= Jocelyn Hyslop =

Australian social worker (1897–1974)

Jocelyn Sophia Hyslop (1897–1974) was mainly known for her contribution to social work in Australia.

==Education==
She was a graduate of the London School of Economics (LSE), social science certificate, Diploma in Sociology, Bachelor of Science and a mental health certificate. In addition, she had won a number of awards, including the LSE Loch Exhibition, Commonwealth Fund Child Scholarship and the Metcalfe Scholarship for women.

==Career==
Her initial career started with her working in the slums of London and Leeds.

===Australia===
She arrived in 1934, having been recruited to initiate a formal program of education for social work professionals in Melbourne.

After arriving in Australia, she initially spoke to the Melbourne newspapers about the welfare conditions of society. She was interviewed by the Argus, in which she discussed American and English methods to addressing social welfare. At the time, she was advocating for Australia to follow US methods, unusual as Australia at the time usually followed English methods.

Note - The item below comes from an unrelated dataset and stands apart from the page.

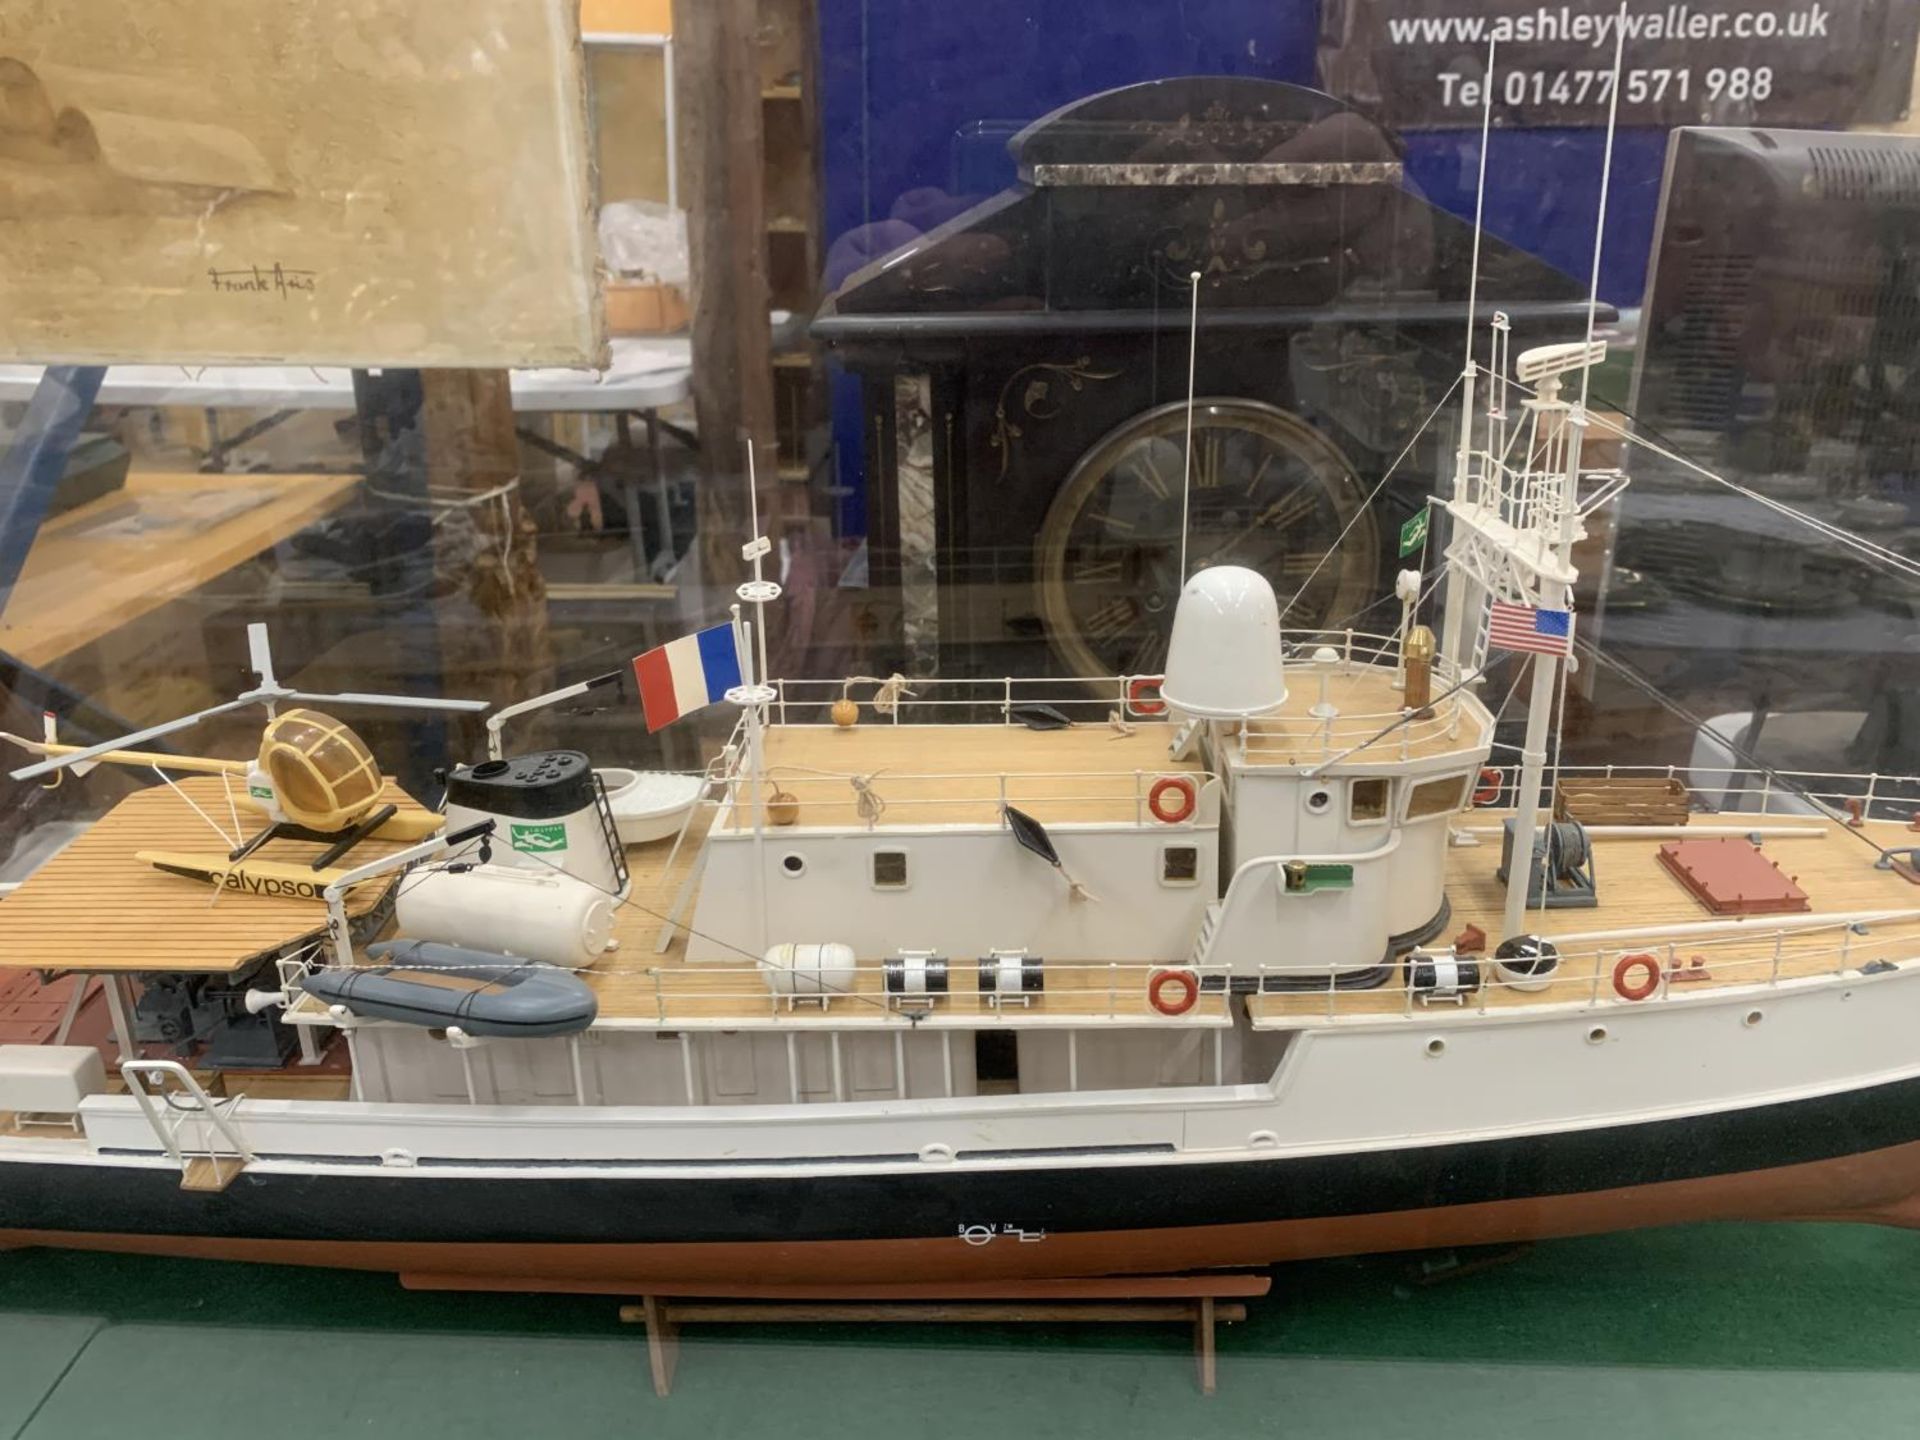 A LARGE MODEL OF A BOAT WITH HELICOPTER IN A GLASS CASE - Image 3 of 5

Working at the University of Melbourne, she established a course in social work that was acceptable for the standards of the university. In 1940, the university agreed the course would run. This was the first social work course run in Melbourne, and there was a similar course run in Sydney in the same year. The establishment of the course opened up career paths for university educated women. While there were some women studying at university, most of the careers were dominated by men. Most of the students studying the Social Welfare course were women, unusual for women to be the majority of any university course at the time.

Hyslop had advanced the role of the social worker, which she perceived to help people to find their own path in life. Hylsop was highly critical of 19th century charity workers who she saw had interfered in people's lives, saying they simply dispensed "soup, flannel and groceries " She was generally an advocate for social justice, defending the rights of the unemployed.

===Rhodesia===
After her work improving social work in Australia, she left academia, moving to Rhodesia where she joined an Anglican order of nuns.